Oh, and by the way, on some of the things you were working on, you used post-it notes to help you along the way. Well, those are temporary files and they can be thrown away when you are done. But they take up space on your filing cabinet, and if your starving college kid has to sort through junk, it makes his job take longer. Well, your computer's hard drive can accumulate garbage like this, so you can use another tool, called Disk Cleanup, to find all that junk and remove it.
So let's review
Your office is the computer. Inside your office is your desk (RAM), your filing cabinet (hard drive), and you (the processor). These things are worthless without you there to use them, but you aren't able to do your job without them. Everything else in your office isn't absolutely necessary and is just there to help out.

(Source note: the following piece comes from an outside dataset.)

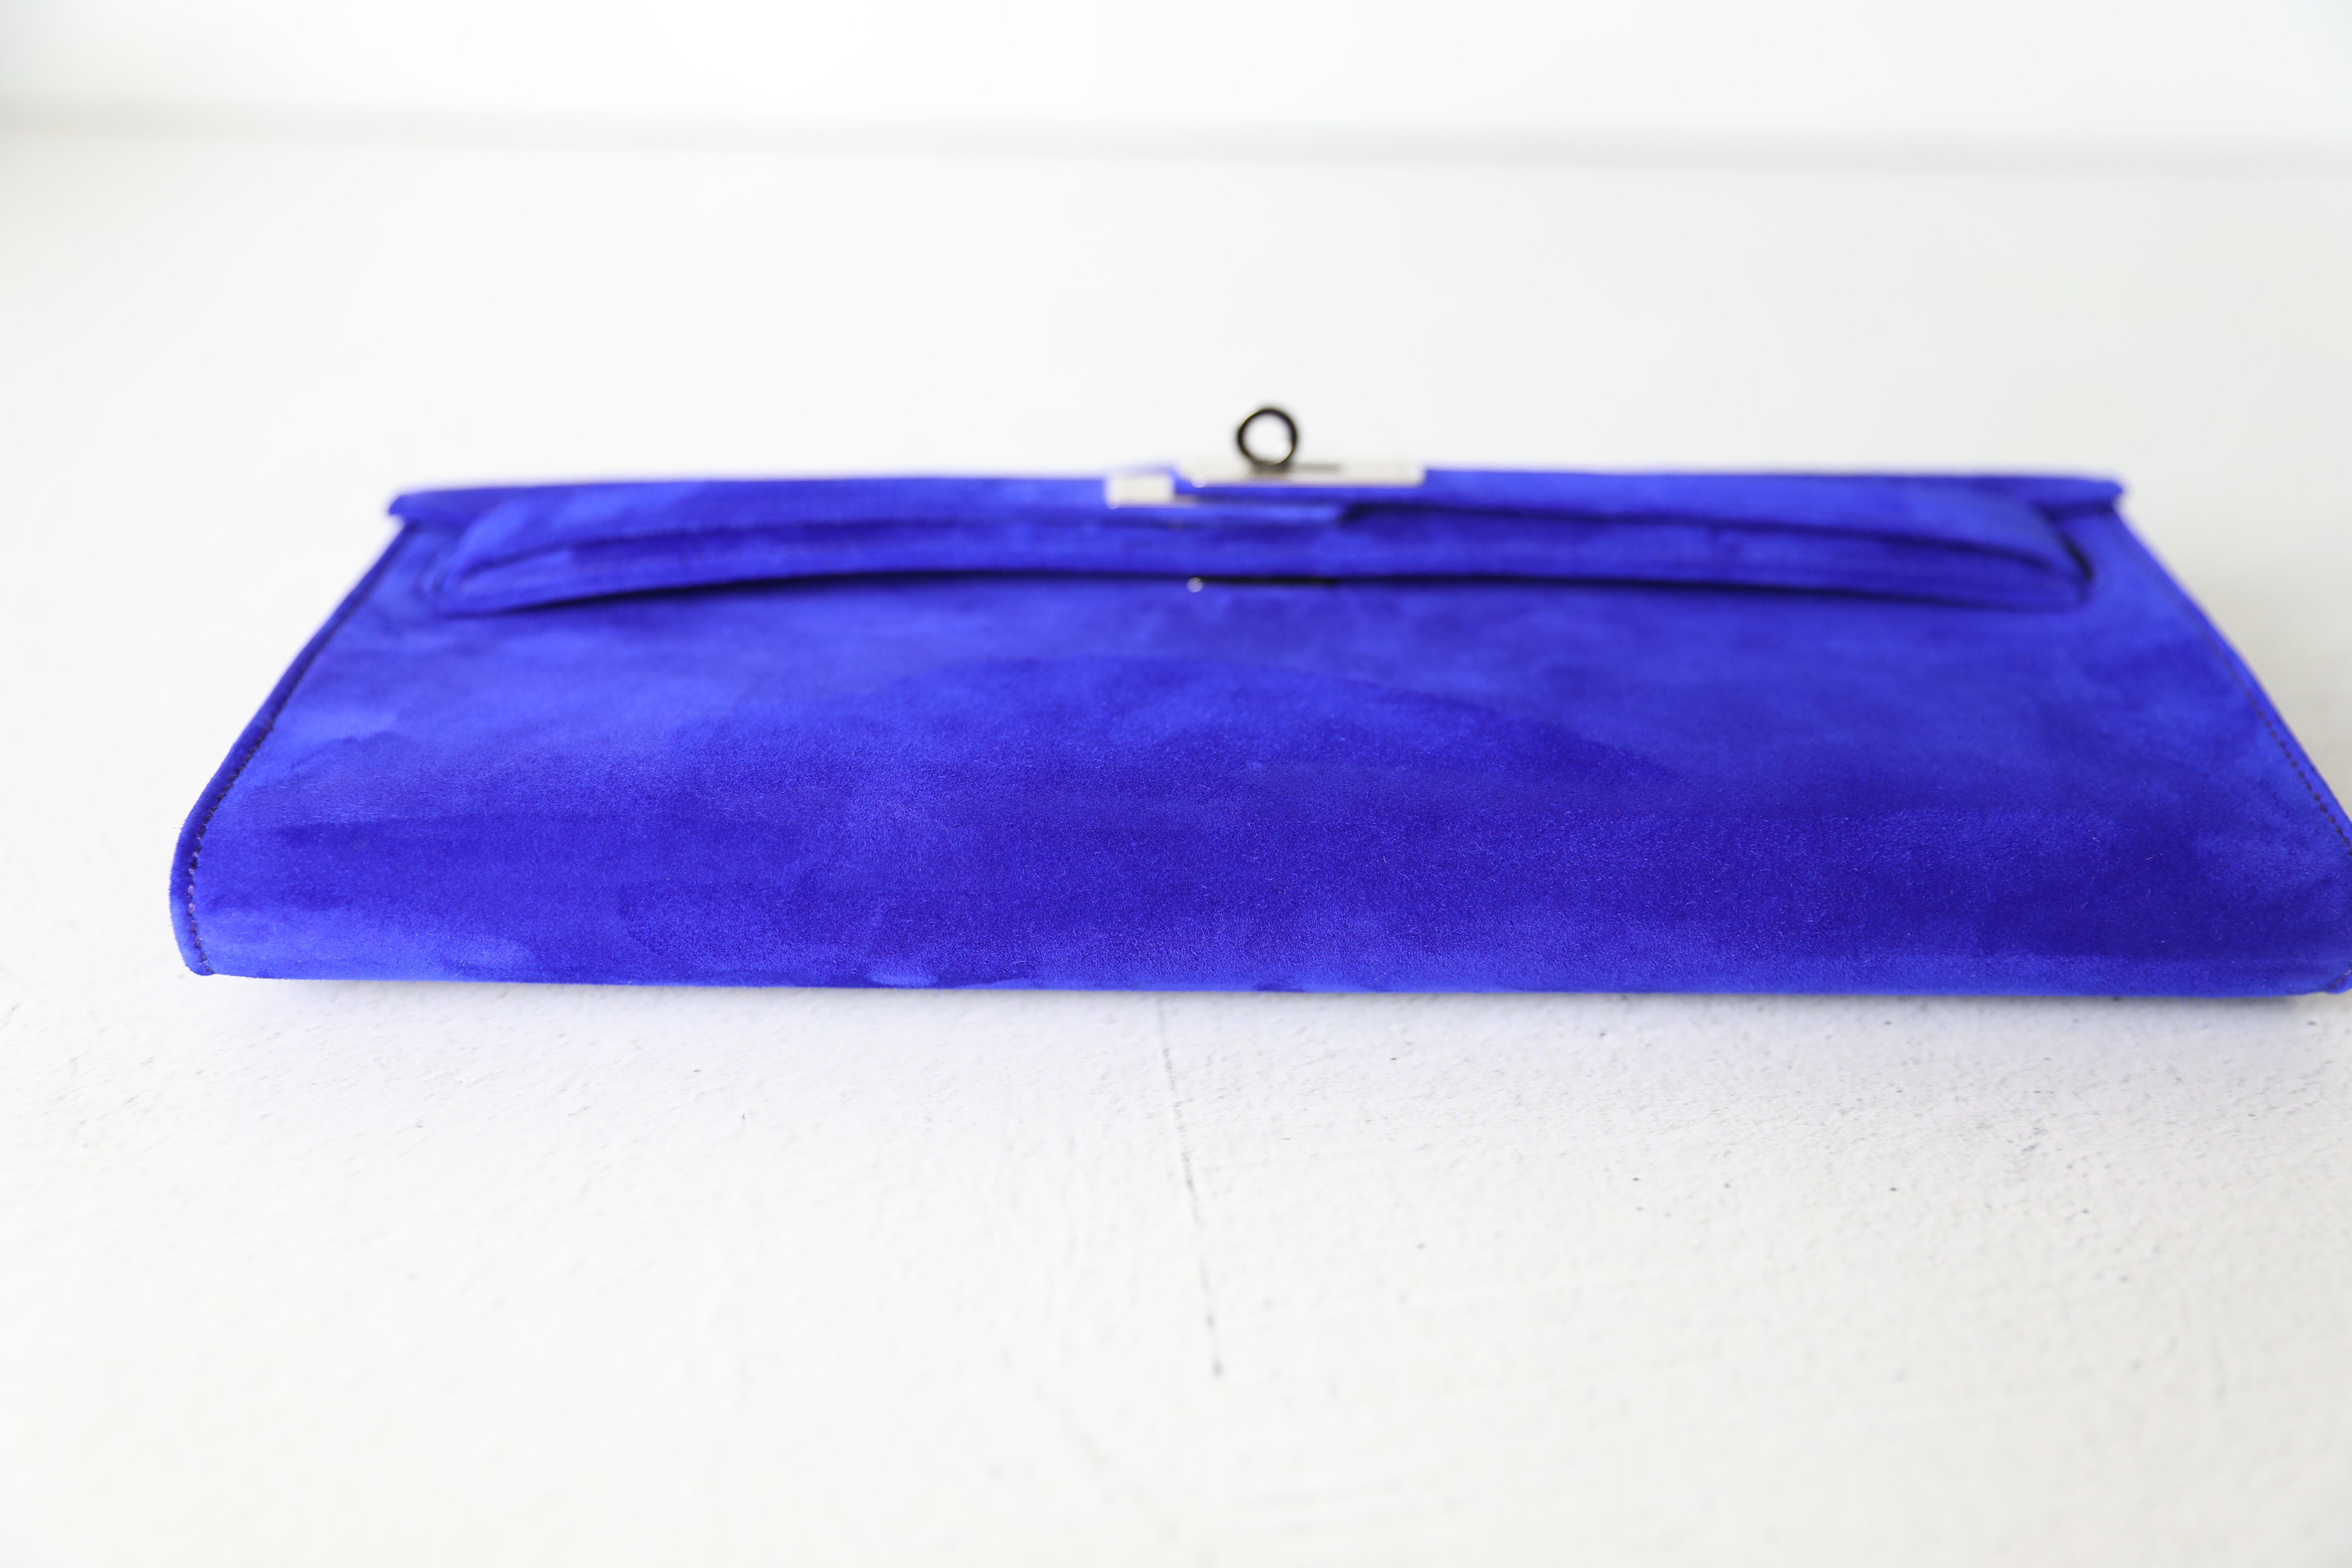 Hermes Kelly Pochette Doblis (Suede) Violet Purple Clutch Bag Gold at  1stDibs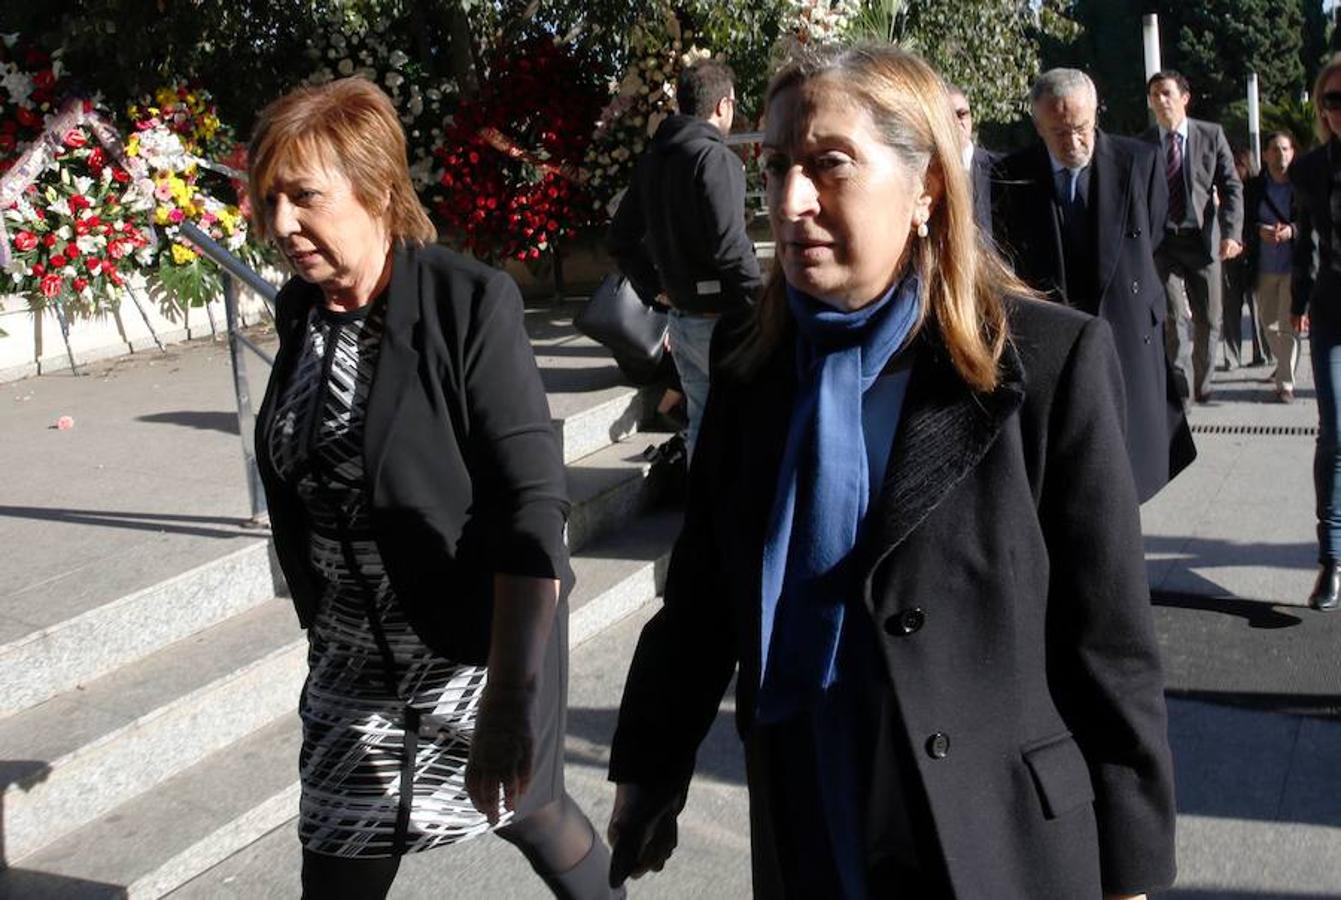 Celia Villalobos y Ana Pastor, presidenta del Congreso de los Diputados, llegan al tanatorio para dar el último adiós a Rita Barberá

"But I still have questions." Well, this article wasn't supposed to be the end-all technical explanation. It was merely an aid for you to understand what the main components of a computer are and how they work together. But I will share some extra details to help integrate what you might already know with what I've shared here. If you want to stop reading now, you may! But for those of you who are really following this, but would like to know what megahertz and gigabytes are, read on!
More about processors
The speed of a processor is measured in megahertz (MHz) or gigahertz (GHz). One hertz is equal to cycle in one second (a cycle being an on or off action), and it takes one million hertz to make a megahertz and one billion hertz to equal a gigahertz. So this means your 2 gigahertz processor is equivalent to 2,000 megahertz, which is 2 billion operations in a single second!
As of this writing, typical processor speeds are in the neighborhood of about 2 - 3GHz. These speeds have been in this range for a few years now, but if you were paying attention before that, it seemed like processor speeds were doubling every other week. Well, it turns out we just can't make silicon and metal work any faster without serious heat and stability issues - it's a physics thing.
Well now, processors are being manufactured in multi-core designs. The core of a processor is called, well, a core. We can't make one core go any faster, so we'll put more cores on the same chip. This is like you having a twin brother or sister sitting with you behind your desk - you each get a chunk of the work and you both get it all done faster, even though each of you is still the same speed. So a multi-core processor is actually two processors on the same chip.
Other factors that can help are things like cache memory. You can think of cache like your short-term memory. It's built in to the processor, like short-term memory is built into your head. The more short-term memory you have, the more efficient you can work (keeping track of numbers and things in your head). Same goes for the processor - more cache means higher efficiency when working with large tasks.
There is also the front-side bus speed. "Oh, geeze, a new term, and it's huge!" Please accept my apologies, but it's a simple thing to describe now that you know everything else! The front-side bus, or FSB, is simply the interface between the processor and the rest of the computer. The FSB is usually slower than the processor itself. Like you: you're probably pretty quick in your head. But when you write things on paper or flip through file folders, your hands and arms are a little slower than your mind wants to be.
Well, the FSB is also measured in MHz, but it's usually a smaller number than the processor speed itself. But, of course, the higher the FSB speed, the faster the processor can interact with the other things in its "office".
More about RAM
There are many types of RAM, but they all work off the same concept: as long as they have power, they can store things very quickly, and recall them just as quick. RAM is measured primarily by how much it can hold, and today, the unit of measure is gigabytes.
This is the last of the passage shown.